SEE ALSO: CBK forex reserves up to 11-month high

However, during the webinar that brought together hundreds of industry players from across the continent, sector leaders said Covid-19 is forcing tourism funds to adapt and develop new value propositions to remain in business.

“We must not look at the rear-view mirror. We must look ahead at the segments and sub-segments of the new traveller. Our products and offerings must now address the needs of our clients,” said Kenya Tourism Board (KTB) Chief Executive Officer Betty Radier.

Commenting on growth patterns in the sector, KNBS said: “The number of international visitors arrivals increased by 0.4 per cent to 2 million in 2019, which was a slower growth compared to a 14 per cent rise in 2018.”

Kenya also recorded 4,743 local and 218 international business conferences last year that brought together 768,875 delegates across the numerous hotels and lodges.

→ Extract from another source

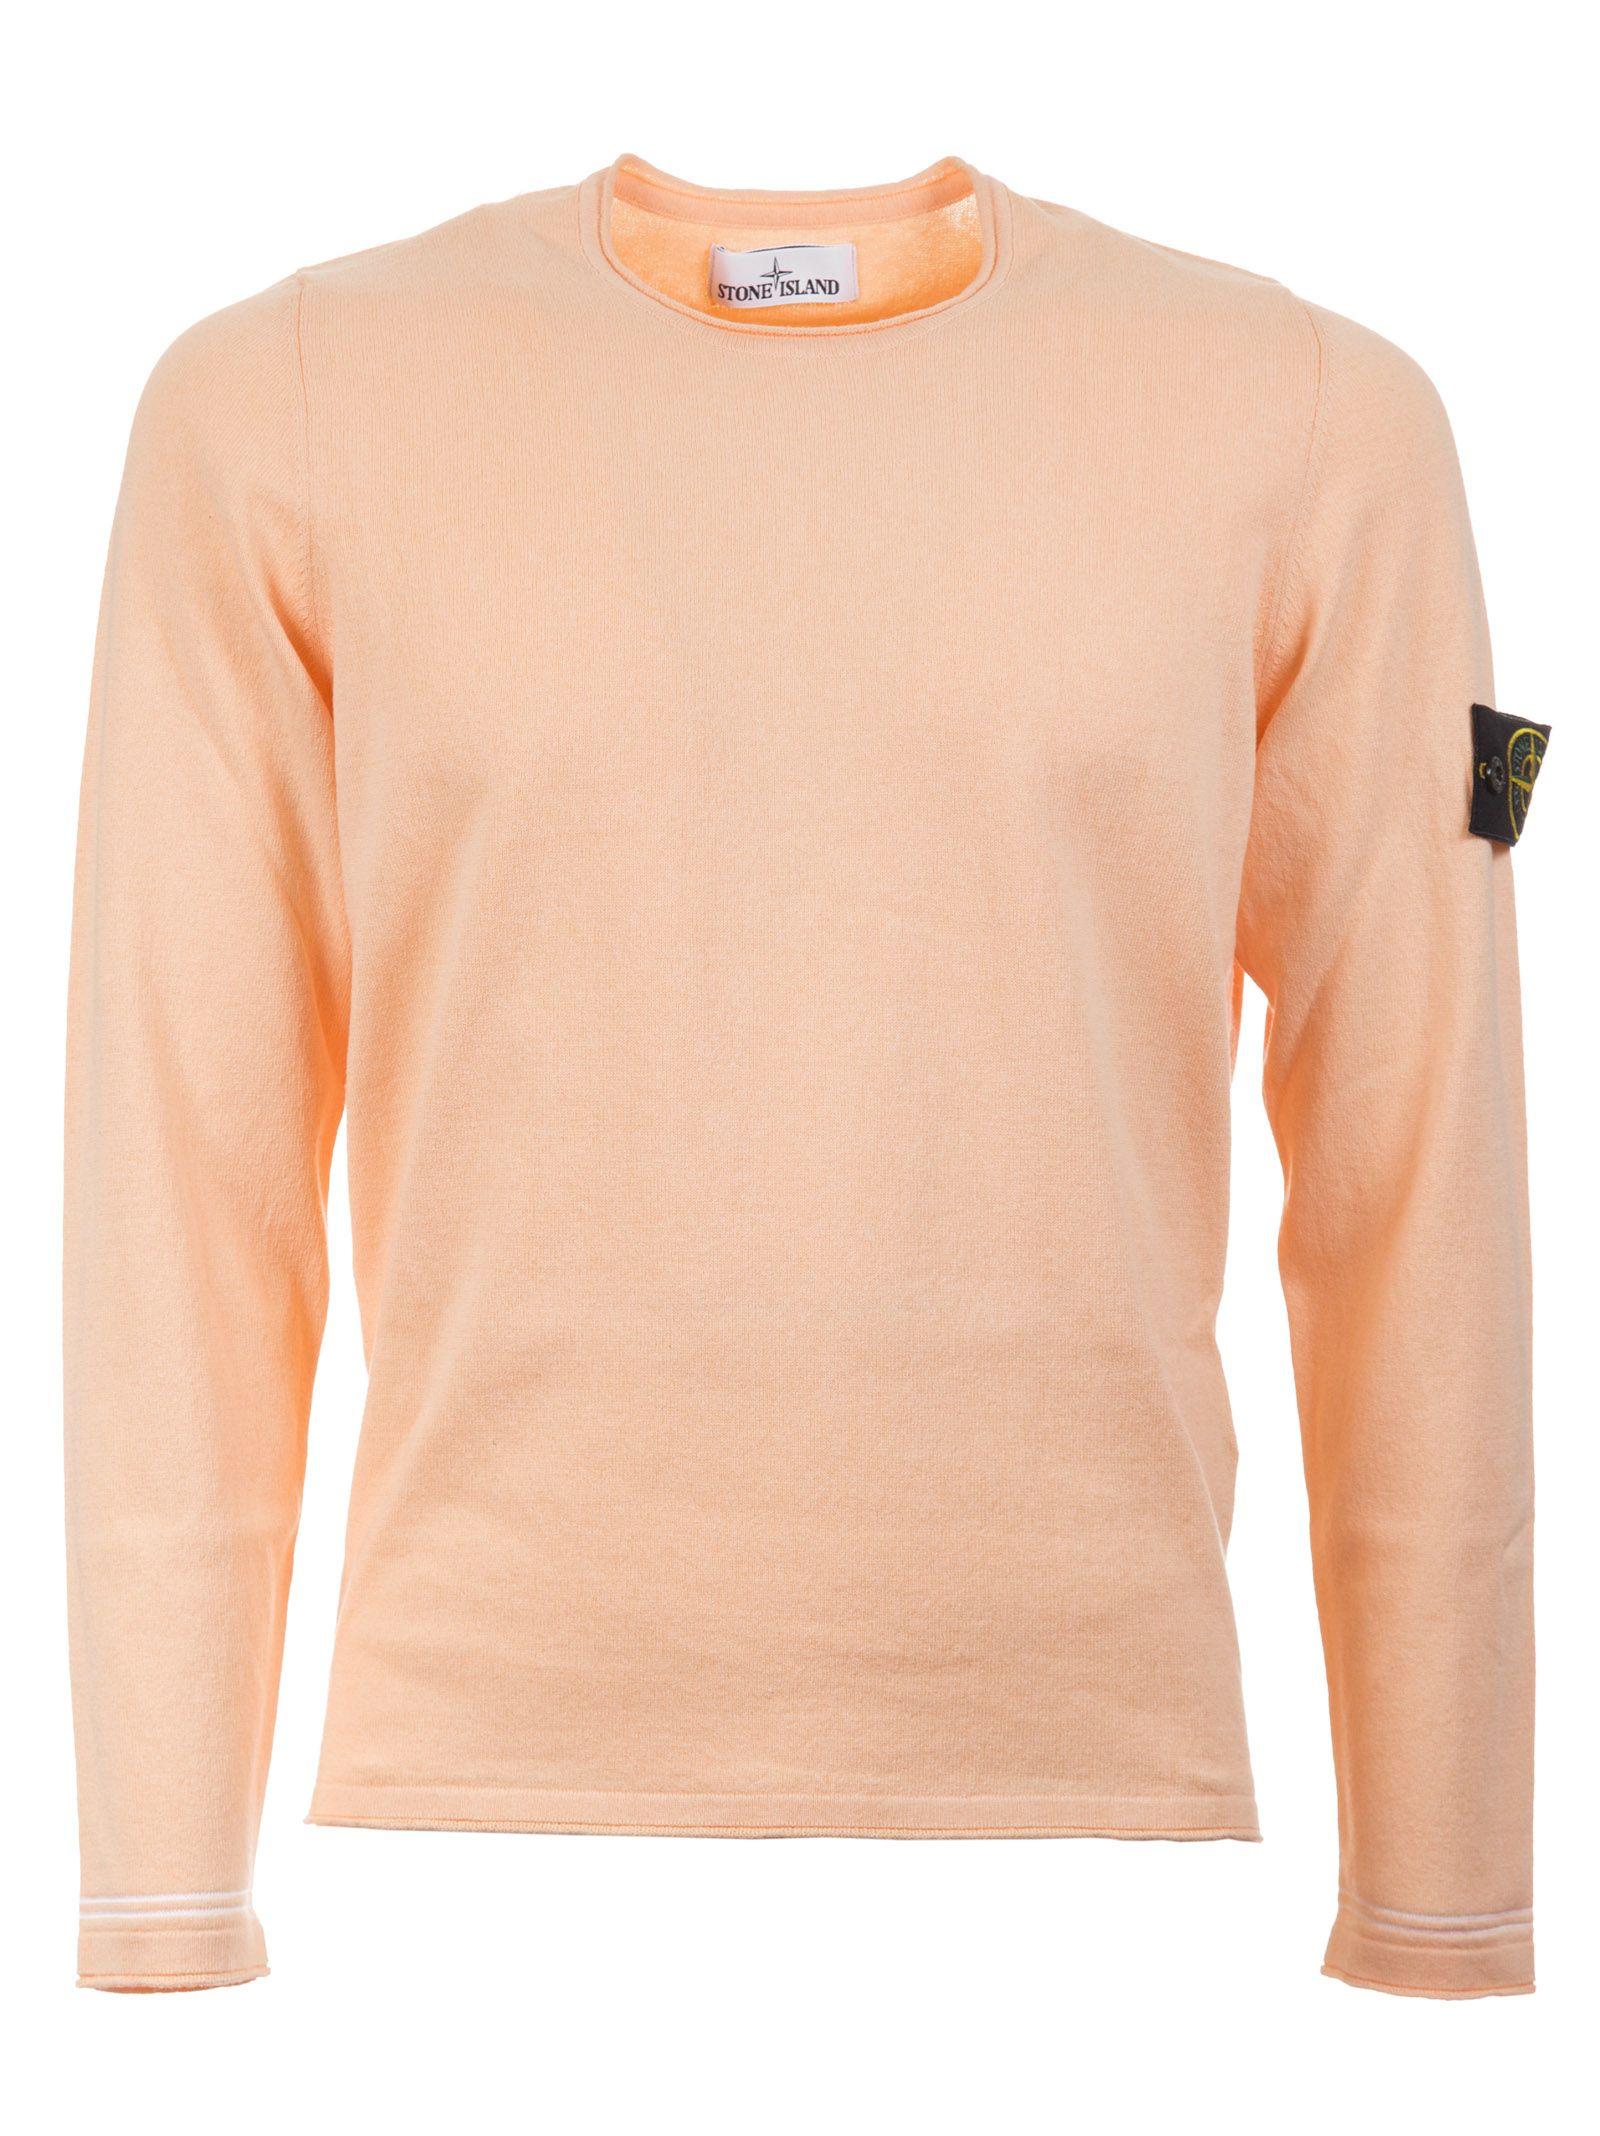 stone island stone island logo patch sweater orange men 39 s sweaters italist. Black Bedroom Furniture Sets. Home Design Ideas

Physical distancing measures recommended by health experts to stop the spread of coronavirus have seen meetings and gatherings move online.

This has dealt a blow to hundreds of businesses that depend on the trade directly and indirectly.

Mr Evans said Hemingways' has retained all 500 permanent and contract staff, even as the company is forced to prudently manage its cashflow and review supplier contracts. 

“Our primary focus has been the security and well-being of our staff across our entire group,” he said.

“Many of our corporate clients and trade partners and suppliers have been supportive and I think the industry is really coming together to overcome this crisis together.”

In the 2020-21 financial year, the tourism sector has been one of the few sectors spared drastic budgetary cuts in the wake of a widening budget deficit.

Ms Radier said the sector must be braced for significant changes in the post-coronavirus era. 

“Going forward, expectations will be different which means we must start getting ready for them,” she said.

“The domestic market offers a new prospect now, but even so, we must be ready to offer diverse quality offerings to suit our client’s expectations.”

Evans said the government should be working to strengthen health protocols at the country’s points of entry to be compliant with global standards once international travel resumes.

“We are concerned that international airlines may not re-instate flights back to Kenya once restrictions are lifted due to capacity reductions and cost management that they are all undertaking currently,” said Evans.

“We believe a key investment must be to offer them incentives to these airlines so that they can return to Kenya as soon as possible."